A web-to-print site is all about customer convenience, enabling your customers to order from you in a self-service fashion. One thing to understand about your customers is whether they are ordering or shopping. Sounds like the same thing, doesn’t it? Well, as it turns out, when customers want a quick ordering site and they are given a shopping site, it can be very frustrating.

I was working with a printer who wanted help in selecting a new web-to-print system to replace a legacy system. His primary customer was a very fast-growing biotech company that was using a web-to-print system to keep the growing sales force supplied with the latest and ever changing marketing materials, which had been localized for many cultures/languages.

His customer wanted an ordering site. His web-to-print system was a shopping solution. You clicked on a static product in the catalog and you were taken on a multiple screen journey assuming you were heading for checkout when what you really wanted to do was order six more items quickly. There is a big difference between shopping and ordering, and some sites can be very painful when they assume shopping without considering the workflow when customers know what they want and want to order many products in the same transaction.

I stumbled across one of the best ordering sites I’ve seen on the web lately – Good Eggs, a locally-grown food ordering site. In the screen shot below, you see how they handled ordering multiple items in a seamless way. Your mouse hovers over the item (a beautiful picture of raspberries), a simple plus sign comes up, and you click and stay right where you are to keep shopping. In this example, they know that their users are going to order more than one thing; therefore, they made the user journey as simple as possible.

I was able to order 10-15 items very quickly, and then take myself to the checkout process just like I would in a retail grocery store. This is the best user experience I’ve seen for an ordering site where the user is ordering many items.

How does this apply to web-to-print? We have users of web-to-print who require a shopping site, and sometimes we have users within the same organization who actually need an ordering site. Consider a customer that has 100 forms up on their web-to-print site that are ordered frequently by a few key people in the company. These people know exactly what they need, and they want to order quickly. On the same site for the same company, you might provide the promotional items where marketing people are “shopping for ideas for their next promotion” – they want to browse the catalog and look at everything.

These are two different user journeys on the same site. We need to be able to build web-to-print systems that can “flex” to support both user experiences. One solution I’ve seen implemented quite well is to enable two different views of the catalog, a list view and a graphical view. The list view allows customers to quickly order many items on the same screen; the graphical view gives people more information and is a more typical shopping environment.

Web-to-print has the added complexity of what I call “product workflows”; a product workflow is the path the user has to take to provide the information required to place the product into the cart. For a static item that is simply printed on demand, this might be as simple as supplying the quantity (single step). On the other extreme is personalized printing where we take the user through the process of personalizing the product, previewing the product, and then submitting it to the cart. Many different product workflows are required in web-to-print because each has its own unique requirements – too many web-to-print systems try to force the user through one path for all product workflows, and this makes for a less than optimal user experience.

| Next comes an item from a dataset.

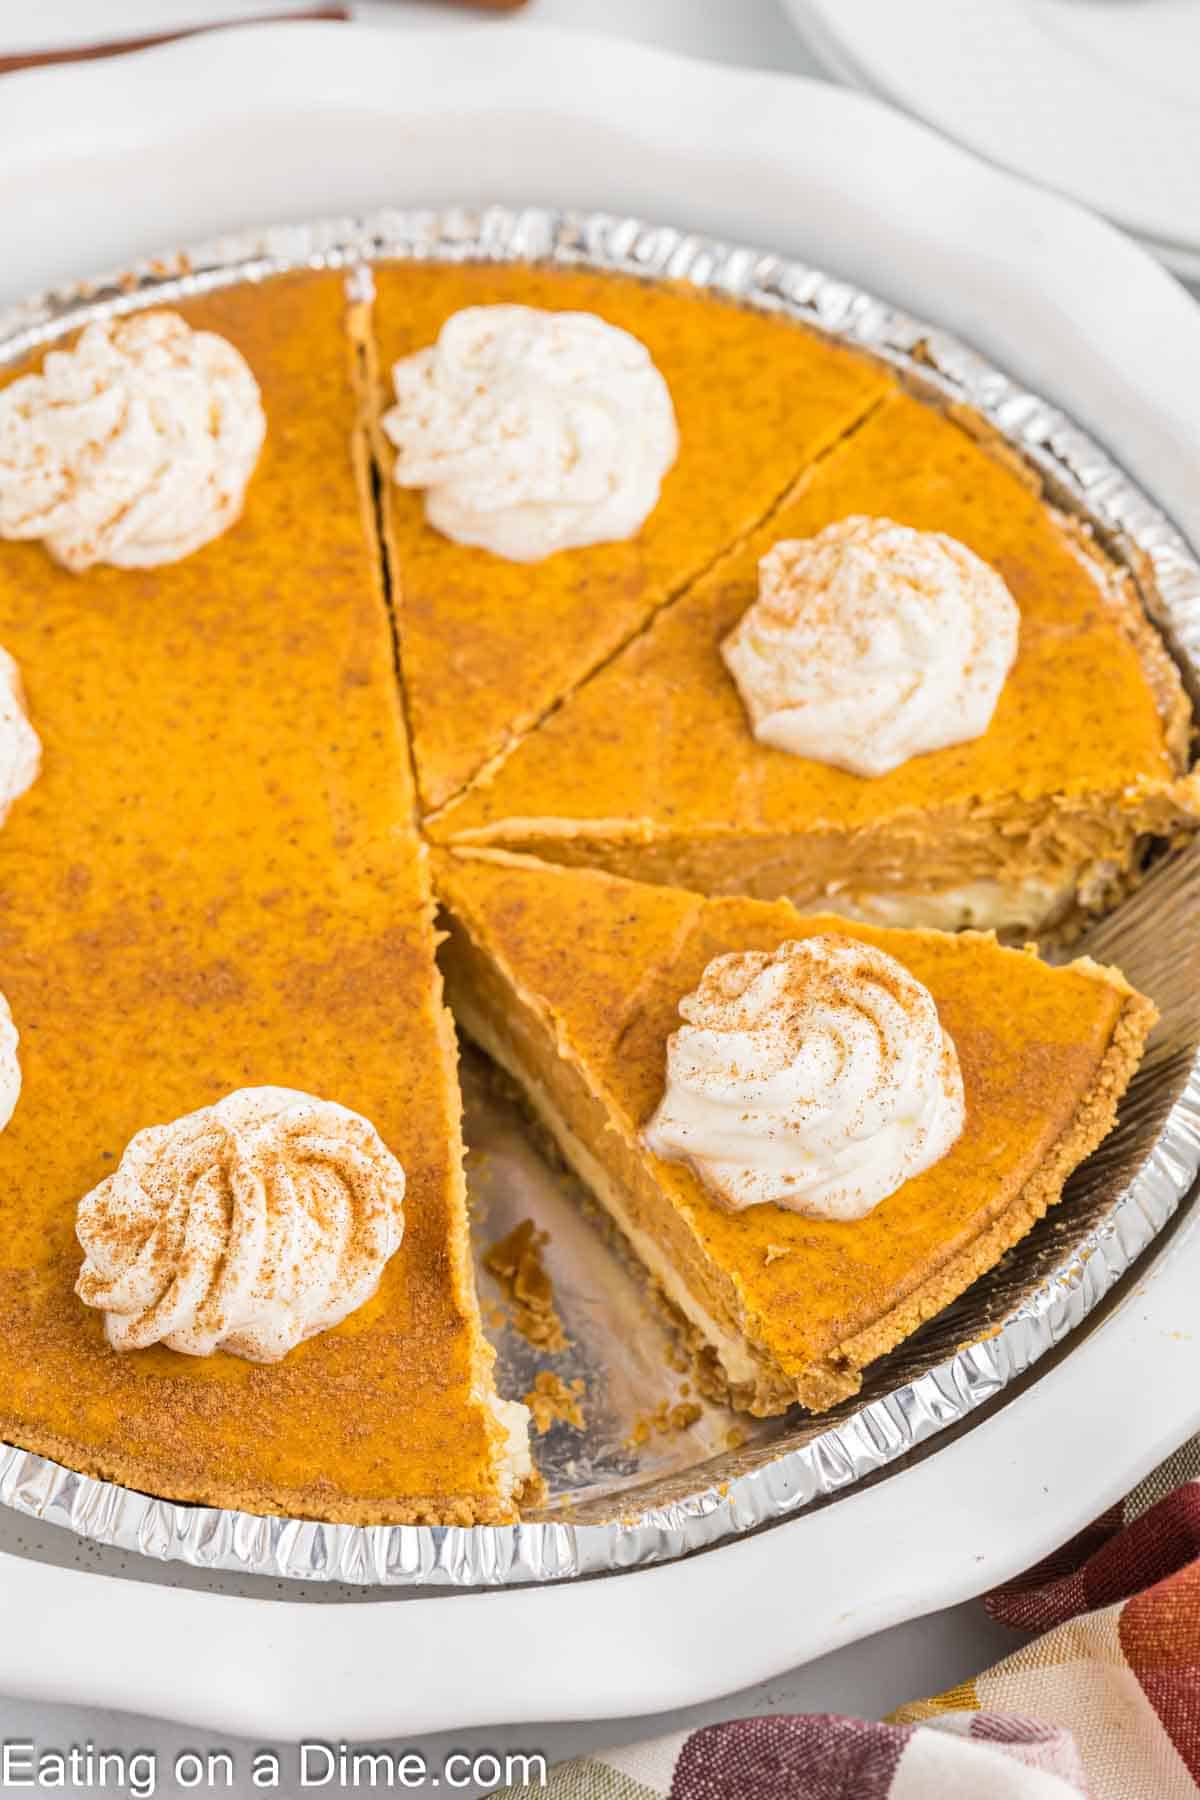 A pumpkin cheesecake pie in a silver baking dish, topped with swirls of whipped cream and sprinkled with cinnamon. A slice has been removed, revealing its creamy interior. The pie is placed on a white surface, with a seasonal cloth partially visible at the bottom.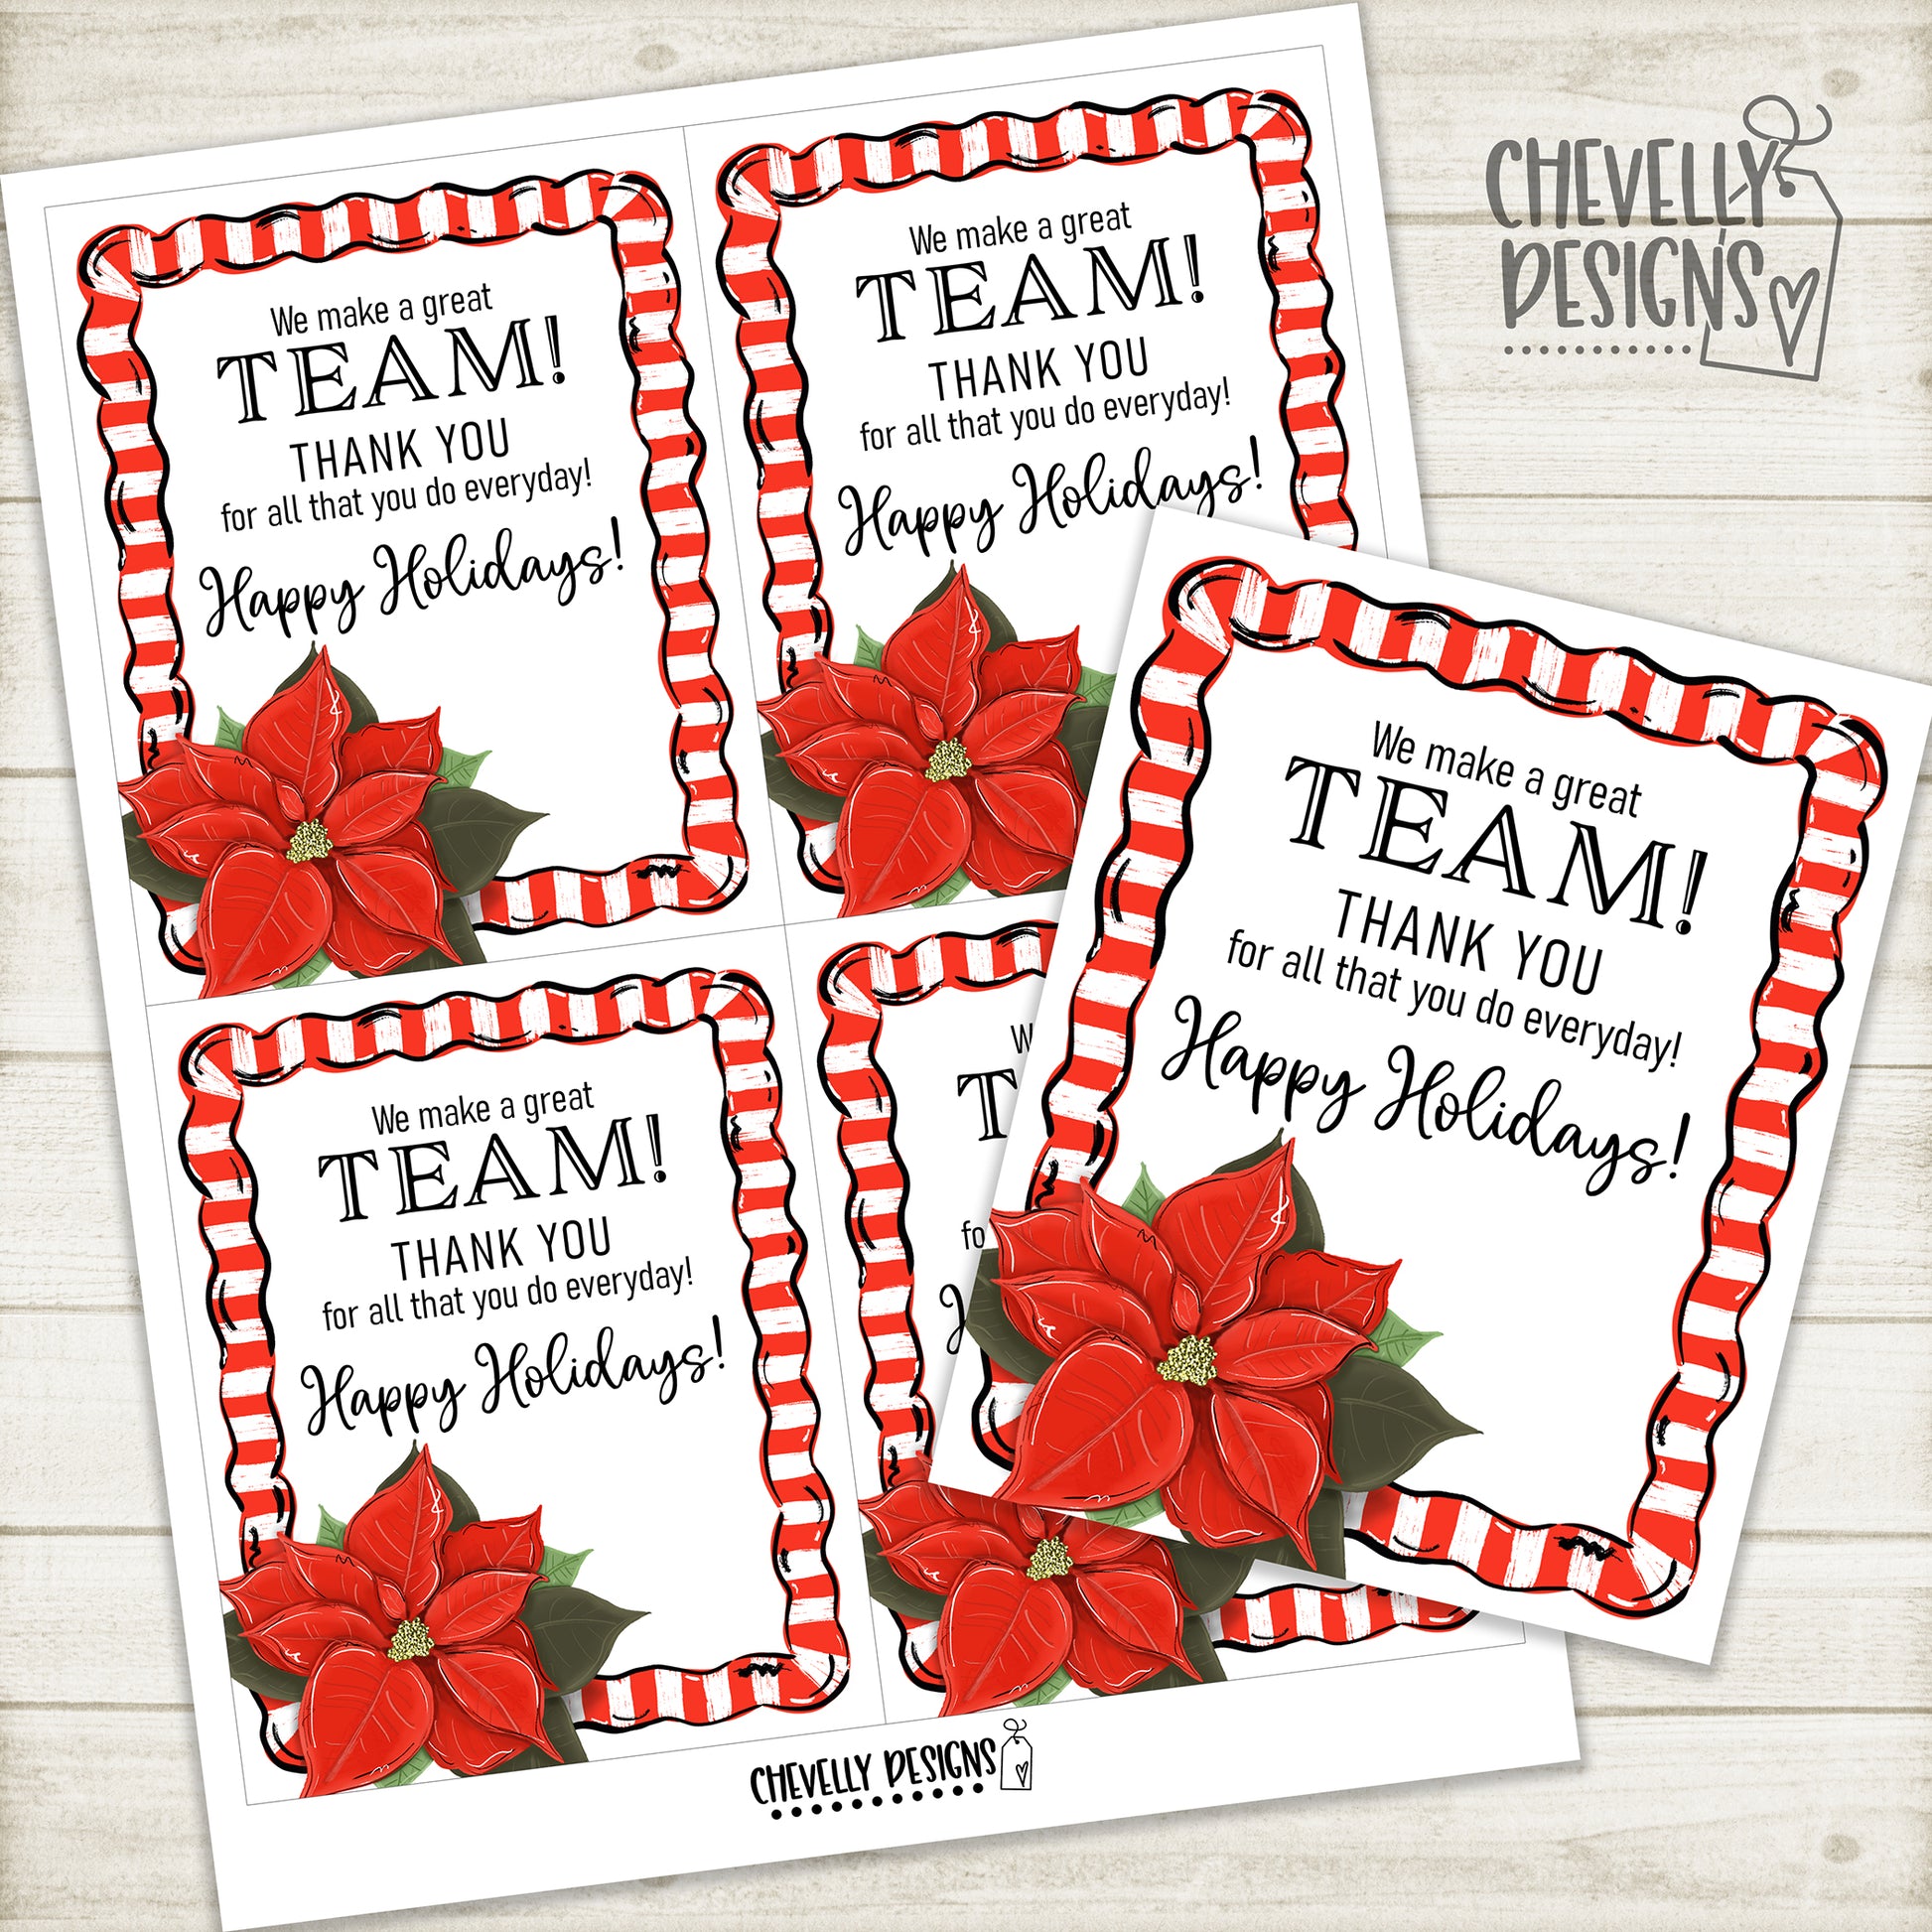 https://chevellydesigns.com/cdn/shop/products/HTX020a-candycanepoinsettia4x5WEB.jpg?v=1606934716&width=1946

The whole point of e-commerce is customer convenience. This means we need to understand our customers and map out their online user journeys looking for ways to make their journeys more efficient and enjoyable. A major truth about business-to-business (B2B) ecommerce, in which the majority of printers are engaging, is that customers are bringing expectations from their consumer lives to their work lives. We used to get away with really boring, stale B2B sites, justifying their condition by saying: “The customer doesn’t have a choice about where they order their business cards.” This justification isn’t cutting it anymore. We first witnessed it in a major way with cell phones. Employees pressured corporate IT to allow the iPhone into the guarded walls of IT because it was the preferred user experience. This has resulted on a major BYOD (bring your own device) trend that IT organizations have not only had to adjust to, but to embrace. The end-user is being emancipated everywhere, and buyers are stating their clear preferences which we are all forced to try to meet. Imagine how high the consumer’s expectations are; they want the shopping selection of Amazon, the internet speed of a Google search return, and the usability of Apple products – ouch, those are some high expectations!

You have to understand who is using your web-to-print system and under what conditions they are using it. The printer I was working with had a definitive user journey he was trying to support with technology: Biotech sales person leaves a medical office, sits in his car on his company-issued iPad and orders the brochures to be sent to the doctors as a follow up. This persona and user journey requires a special kind of tool. With my software product management hat on, I would flush out the following requirements:

  • Mobile (responsive design),;
  • No Flash;
  • An ordering site that includes faceted search since there are many brochures to choose from; and
  • An excellent search functionally that allows the sales representative to search by product metadata (SKU, product name, language, etc.).

The Internet is evolving faster than any business channel humans have ever created. Web-to-print operates within this ecosystem; our customers have high expectations and it is up to us (both printers and web-to-print software vendors) to first and foremost understand how our customers intend to use the web-to-print system. Who is the targeted user, what business problem are they trying to solve? Those are the areas you should focus on. Stay out of the features, and get your focus back on learning more about customers and their business processes – that will ensure that you choose the right web-to-print solution and that you drive the adoption required to get the real ROI on your web-to-print investment that you expect and deserve.